The biggest obstacle to the negative type of campaign that his party would like to run is Obama himself. A negative campaign that focuses on his opponent requires that he get out of the way. Or at least spend less time being a jerk in public. Instead Obama has gone on a national “Be a Jerk” tour, complete with speeches.
In 2008, he was able to maintain the illusion of civility, while letting the media do his dirty work for him. The media is disappointed in him now, but still obscenely eager to be his hit squad. But instead Obama is being his own hit squad. The constant derogatory references to Republicans in speeches that are otherwise as empty of content and purpose as a three inch lake, don’t accomplish their goal. Instead they make him look like a 5 foot tall basketball player trash talking everyone else, but unable to sink a basket with the ball taped to his hand.

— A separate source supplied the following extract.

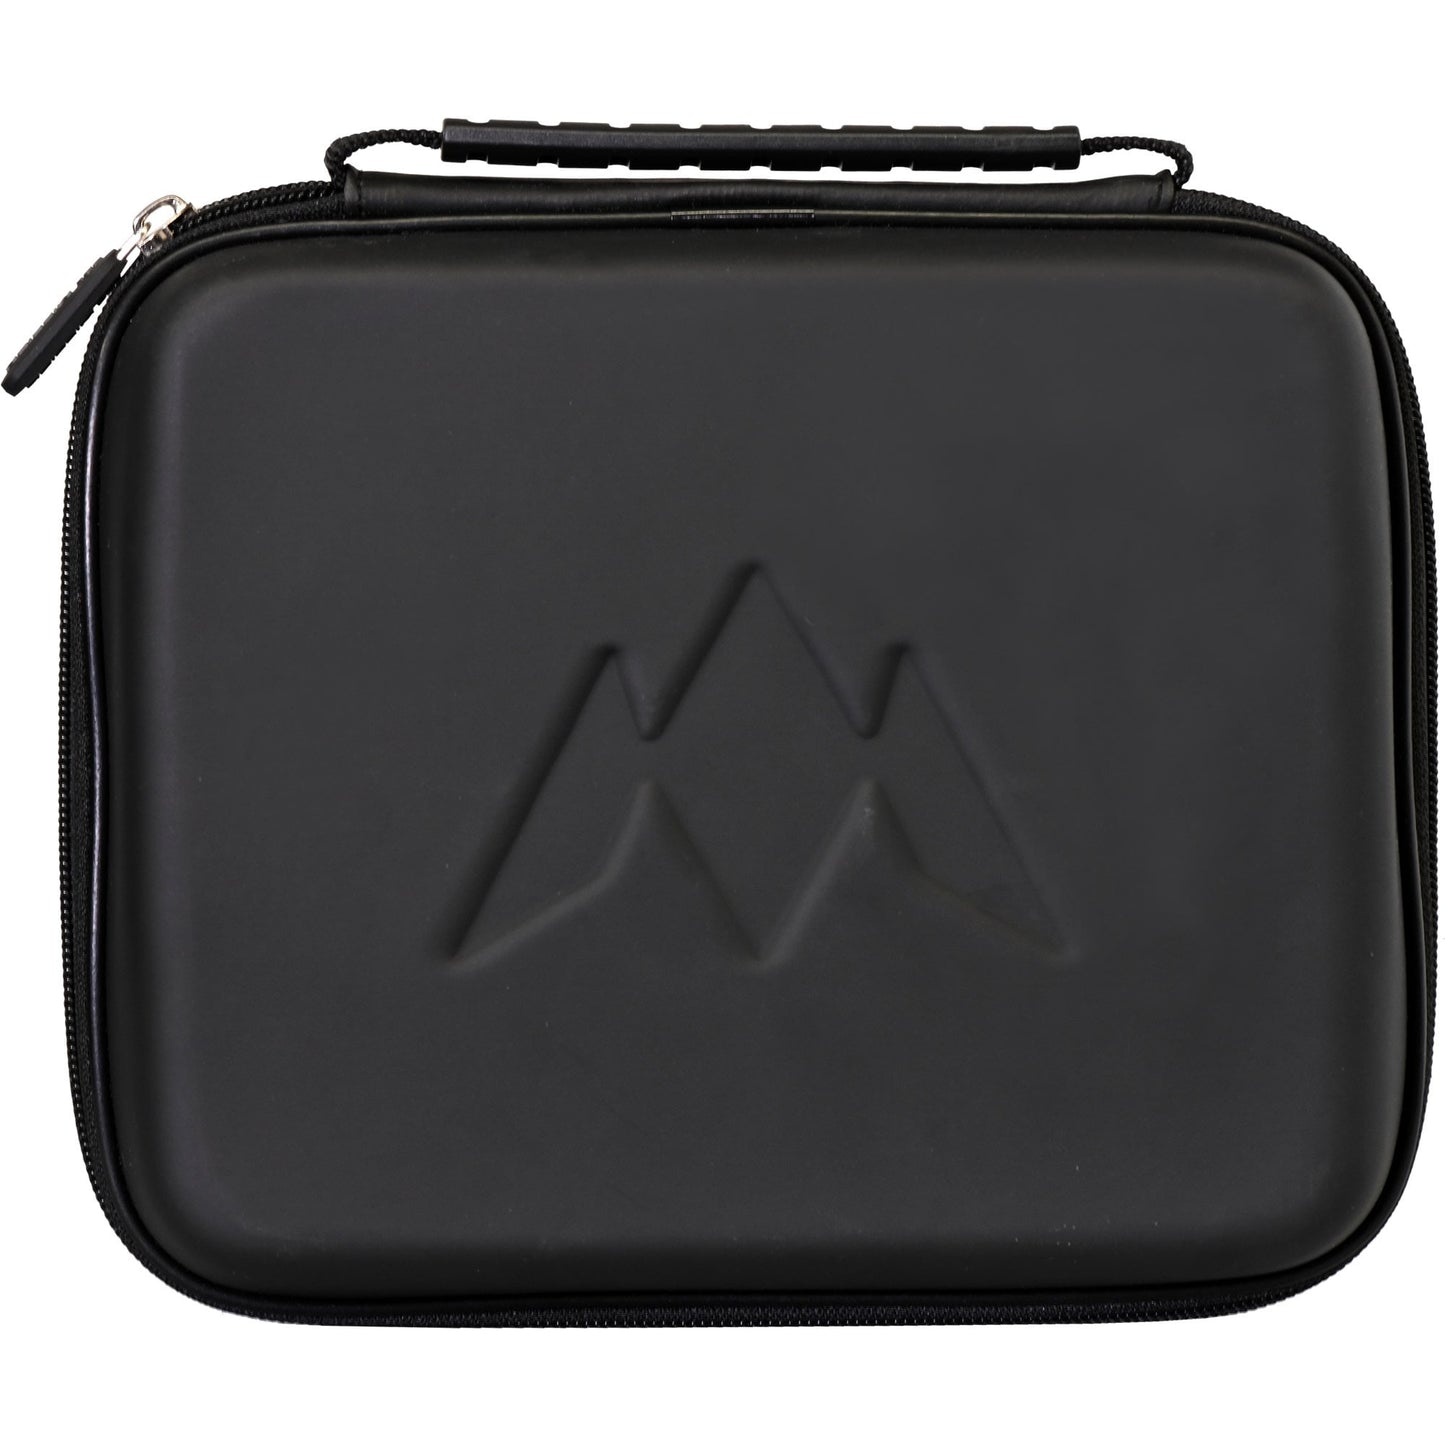 Mission Freedom Luxor Darts Case 3 - Strong Protection

Obama’s manic depressive style of governance, doing nothing for months before suddenly jumping into a frenzy of activity, can work on the campaign trial. But not after most people have gotten tired of you and would like to see less of you. And sitting incumbents are generally supposed to display a higher level of class. They can conduct smear campaigns, so long as they plausibly outsource it to others. Not when they’re doing it in front of the microphone.
But even his attacks have a tepid whiny quality to them. Not only isn’t Obama FDR or JFK, let alone Reagan– he’s not even LBJ. His putdowns condescend to his listeners, turning what should have been insults aimed at Republicans, into an insult to his audience’s intelligence. Too many speeches boil down to, “The Republicans would like to set America on fire and then dance on the ashes, but I think there’s a better way.” Alarmism that would work better if he hadn’t already done exactly what he was accusing his hypothetical opponents of.
Obama’s unenviable position is that of an incumbent in a bad economy. But it’s his unenviable personality that really does him in. An incumbent in a bad time needs a sense of humility. An unpopular politician has to connect with people at a human level. But Obama’s gargantuan ego and sense of entitlement won’t let him do those things. Instead he’s still counting on a steamroll campaign to do his work for him.
The debt ceiling debate was a sample of his irresponsibility. The absolute refusal to accept any real compromise, not only to preserve his spending power, but also because sabotaging government was a more effective election strategy. It’s the negative campaign as imagined by an arsonist who doesn’t care what happens to the country so long as he wins. And while the media poodles will still bark in his defense, it’s a strategy that makes him seem like even more of a failure.
His transformation into a Messiah of Hate is timely in the worst possible way. A politician’s mask shouldn’t start coming off during a campaign. Let alone before it. But the unctuous smile is sliding off and what’s underneath it is the entitled anger of a man who is always used to getting his way. And who has yet to understand that for the first time in his life, he’s about to lose.